- Material to process:
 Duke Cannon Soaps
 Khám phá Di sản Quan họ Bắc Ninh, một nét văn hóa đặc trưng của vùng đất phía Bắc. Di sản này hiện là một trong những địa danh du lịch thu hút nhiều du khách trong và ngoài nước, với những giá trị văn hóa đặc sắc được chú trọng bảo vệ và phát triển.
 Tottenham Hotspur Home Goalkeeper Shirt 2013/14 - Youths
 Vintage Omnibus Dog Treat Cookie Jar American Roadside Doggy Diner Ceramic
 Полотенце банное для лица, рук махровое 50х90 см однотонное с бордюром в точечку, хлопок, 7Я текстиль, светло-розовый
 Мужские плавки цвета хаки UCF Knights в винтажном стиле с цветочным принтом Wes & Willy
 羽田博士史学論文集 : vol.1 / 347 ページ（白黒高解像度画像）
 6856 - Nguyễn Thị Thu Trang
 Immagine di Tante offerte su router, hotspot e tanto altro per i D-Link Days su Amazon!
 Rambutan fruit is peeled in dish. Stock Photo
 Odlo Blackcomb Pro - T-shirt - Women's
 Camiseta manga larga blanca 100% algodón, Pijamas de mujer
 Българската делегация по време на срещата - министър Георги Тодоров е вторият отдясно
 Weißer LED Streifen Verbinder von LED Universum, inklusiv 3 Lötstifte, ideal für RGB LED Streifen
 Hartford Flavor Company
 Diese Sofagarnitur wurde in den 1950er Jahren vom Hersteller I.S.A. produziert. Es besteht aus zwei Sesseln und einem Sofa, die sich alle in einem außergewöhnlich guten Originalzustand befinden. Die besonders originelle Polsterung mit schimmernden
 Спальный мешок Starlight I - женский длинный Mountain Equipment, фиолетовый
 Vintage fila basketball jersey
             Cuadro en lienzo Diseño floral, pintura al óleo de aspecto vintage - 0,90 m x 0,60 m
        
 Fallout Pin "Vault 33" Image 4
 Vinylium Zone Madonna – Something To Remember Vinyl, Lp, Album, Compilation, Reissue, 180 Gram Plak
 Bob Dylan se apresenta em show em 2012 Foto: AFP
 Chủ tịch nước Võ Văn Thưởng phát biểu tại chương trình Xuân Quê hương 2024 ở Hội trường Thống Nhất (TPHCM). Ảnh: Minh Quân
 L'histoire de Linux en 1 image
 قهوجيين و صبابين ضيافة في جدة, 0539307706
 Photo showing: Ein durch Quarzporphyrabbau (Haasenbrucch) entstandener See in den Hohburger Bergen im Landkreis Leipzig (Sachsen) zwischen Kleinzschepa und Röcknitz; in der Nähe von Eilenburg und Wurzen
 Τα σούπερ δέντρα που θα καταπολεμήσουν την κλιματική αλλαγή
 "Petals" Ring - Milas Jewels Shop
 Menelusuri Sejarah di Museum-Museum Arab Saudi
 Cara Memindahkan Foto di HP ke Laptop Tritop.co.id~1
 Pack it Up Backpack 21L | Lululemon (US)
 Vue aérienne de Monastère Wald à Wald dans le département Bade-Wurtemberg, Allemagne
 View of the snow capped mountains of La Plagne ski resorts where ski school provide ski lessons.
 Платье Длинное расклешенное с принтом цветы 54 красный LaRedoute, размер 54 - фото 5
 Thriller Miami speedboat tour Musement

- Work request:
Extract the listing in its entirety and repeat it exactly.

- Result of this exercise:
 Duke Cannon Soaps
 Khám phá Di sản Quan họ Bắc Ninh, một nét văn hóa đặc trưng của vùng đất phía Bắc. Di sản này hiện là một trong những địa danh du lịch thu hút nhiều du khách trong và ngoài nước, với những giá trị văn hóa đặc sắc được chú trọng bảo vệ và phát triển.
 Tottenham Hotspur Home Goalkeeper Shirt 2013/14 - Youths
 Vintage Omnibus Dog Treat Cookie Jar American Roadside Doggy Diner Ceramic
 Полотенце банное для лица, рук махровое 50х90 см однотонное с бордюром в точечку, хлопок, 7Я текстиль, светло-розовый
 Мужские плавки цвета хаки UCF Knights в винтажном стиле с цветочным принтом Wes & Willy
 羽田博士史学論文集 : vol.1 / 347 ページ（白黒高解像度画像）
 6856 - Nguyễn Thị Thu Trang
 Immagine di Tante offerte su router, hotspot e tanto altro per i D-Link Days su Amazon!
 Rambutan fruit is peeled in dish. Stock Photo
 Odlo Blackcomb Pro - T-shirt - Women's
 Camiseta manga larga blanca 100% algodón, Pijamas de mujer
 Българската делегация по време на срещата - министър Георги Тодоров е вторият отдясно
 Weißer LED Streifen Verbinder von LED Universum, inklusiv 3 Lötstifte, ideal für RGB LED Streifen
 Hartford Flavor Company
 Diese Sofagarnitur wurde in den 1950er Jahren vom Hersteller I.S.A. produziert. Es besteht aus zwei Sesseln und einem Sofa, die sich alle in einem außergewöhnlich guten Originalzustand befinden. Die besonders originelle Polsterung mit schimmernden
 Спальный мешок Starlight I - женский длинный Mountain Equipment, фиолетовый
 Vintage fila basketball jersey
             Cuadro en lienzo Diseño floral, pintura al óleo de aspecto vintage - 0,90 m x 0,60 m
        
 Fallout Pin "Vault 33" Image 4
 Vinylium Zone Madonna – Something To Remember Vinyl, Lp, Album, Compilation, Reissue, 180 Gram Plak
 Bob Dylan se apresenta em show em 2012 Foto: AFP
 Chủ tịch nước Võ Văn Thưởng phát biểu tại chương trình Xuân Quê hương 2024 ở Hội trường Thống Nhất (TPHCM). Ảnh: Minh Quân
 L'histoire de Linux en 1 image
 قهوجيين و صبابين ضيافة في جدة, 0539307706
 Photo showing: Ein durch Quarzporphyrabbau (Haasenbrucch) entstandener See in den Hohburger Bergen im Landkreis Leipzig (Sachsen) zwischen Kleinzschepa und Röcknitz; in der Nähe von Eilenburg und Wurzen
 Τα σούπερ δέντρα που θα καταπολεμήσουν την κλιματική αλλαγή
 "Petals" Ring - Milas Jewels Shop
 Menelusuri Sejarah di Museum-Museum Arab Saudi
 Cara Memindahkan Foto di HP ke Laptop Tritop.co.id~1
 Pack it Up Backpack 21L | Lululemon (US)
 Vue aérienne de Monastère Wald à Wald dans le département Bade-Wurtemberg, Allemagne
 View of the snow capped mountains of La Plagne ski resorts where ski school provide ski lessons.
 Платье Длинное расклешенное с принтом цветы 54 красный LaRedoute, размер 54 - фото 5
 Thriller Miami speedboat tour Musement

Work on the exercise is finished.